It has been a ghastly year for American women — at least those of us who are not looking forward to being ruled by a claque of cartoon chauvinists — but a pretty rich year for women in the movies.

One of 2024’s biggest hits featured an unfairly maligned woman who channels her galvanic anger into a fight against fascism. (I’m talking, of course, about “Wicked.”) Demi Moore gave a scenery-chewing performance in “The Substance,” a gruesome body horror film about the pressure on women to stay nubile. Amy Adams starred in Marielle Heller’s supernaturally inflected “Nightbitch,” in which a woman starts to go feral, perhaps literally, amid the tedium of early motherhood. Mikey Madison was incandescent as a street-smart sex worker from a post-Soviet country in “Anora,” a movie that takes the silly Cinderella fantasy behind “Pretty Woman” and explodes it.

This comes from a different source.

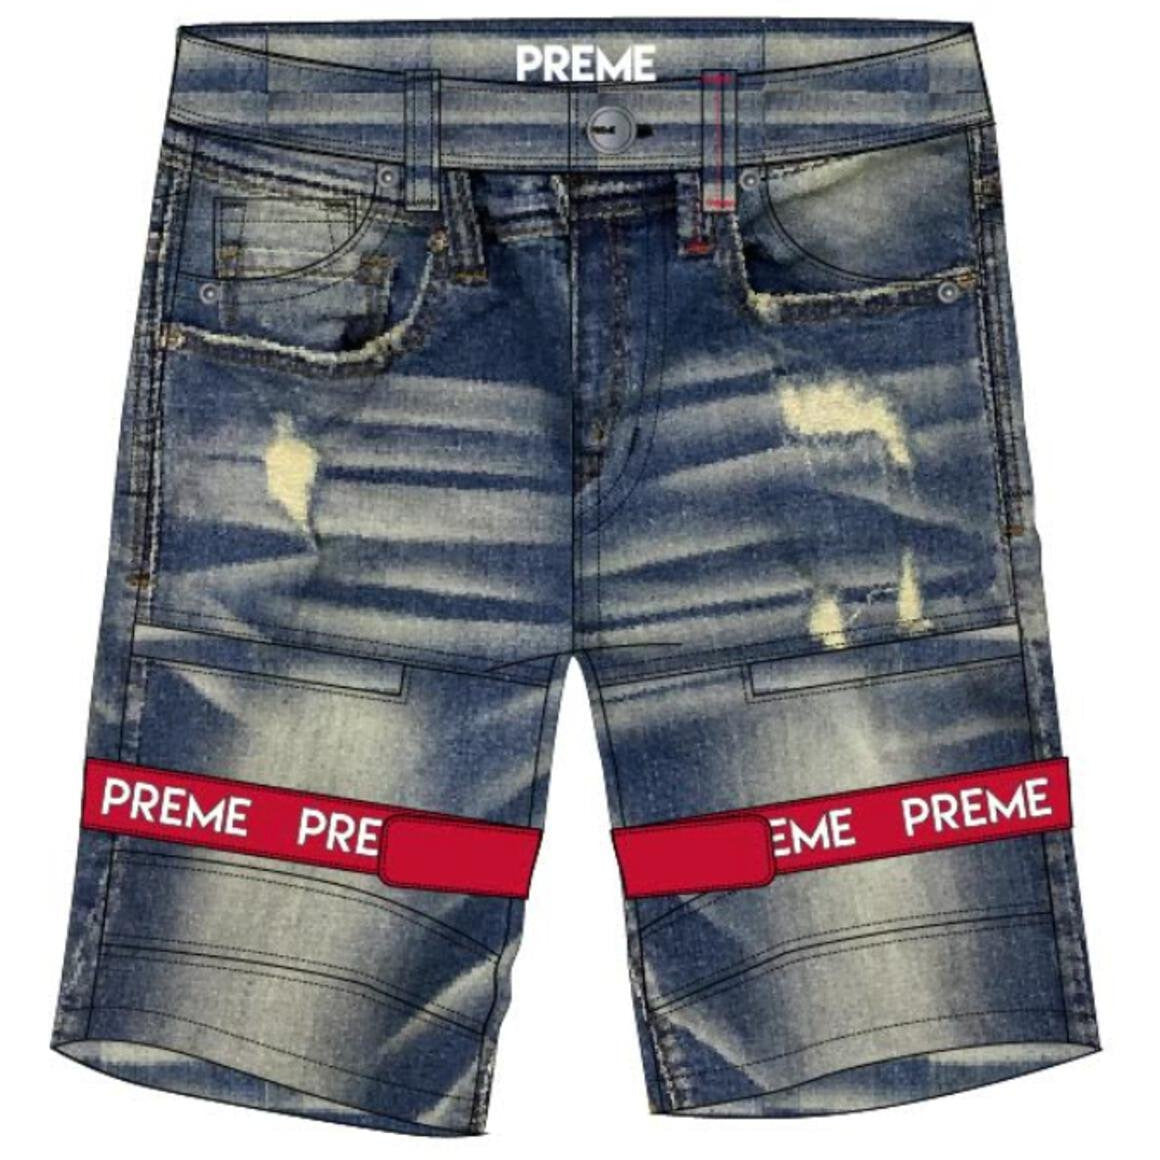 Preme Shorts Indigo w/Red Preme Strap (PR-WB-846)

But perhaps the most unlikely feminist film of the year is the much-hyped, extremely kinky “Babygirl,” starring Nicole Kidman, which opens on Dec. 25. It’s a movie that satirizes the archetype of the girlboss but ultimately affirms it. On the cusp of our terrible new era, it felt, for all its darkness and perversity, like an artifact of a more optimistic moment, when equality seemed close enough at hand that the orgasm gap between men and women — something the movie’s director, Halina Reijn, often talks about in interviews — could be a subject of serious concern.

This wasn’t the takeaway I was anticipating going into the movie, though, in truth, I’m not sure what I was expecting. In a recent profile in The New Yorker, Reijn, a feminist, said she grew up idolizing the directors of 1980s and ’90s erotic thrillers like Adrian Lyne, the maker of “Fatal Attraction,” to which “Babygirl” has been frequently compared. That movie, about a female stalker with a shrieking biological clock, was so reactionary that it’s the centerpiece of a chapter in Susan Faludi’s book “Backlash.” Faludi quoted Lyne saying, of feminist professionals, “Sure you got your career and your success, but you are not fulfilled as a woman.”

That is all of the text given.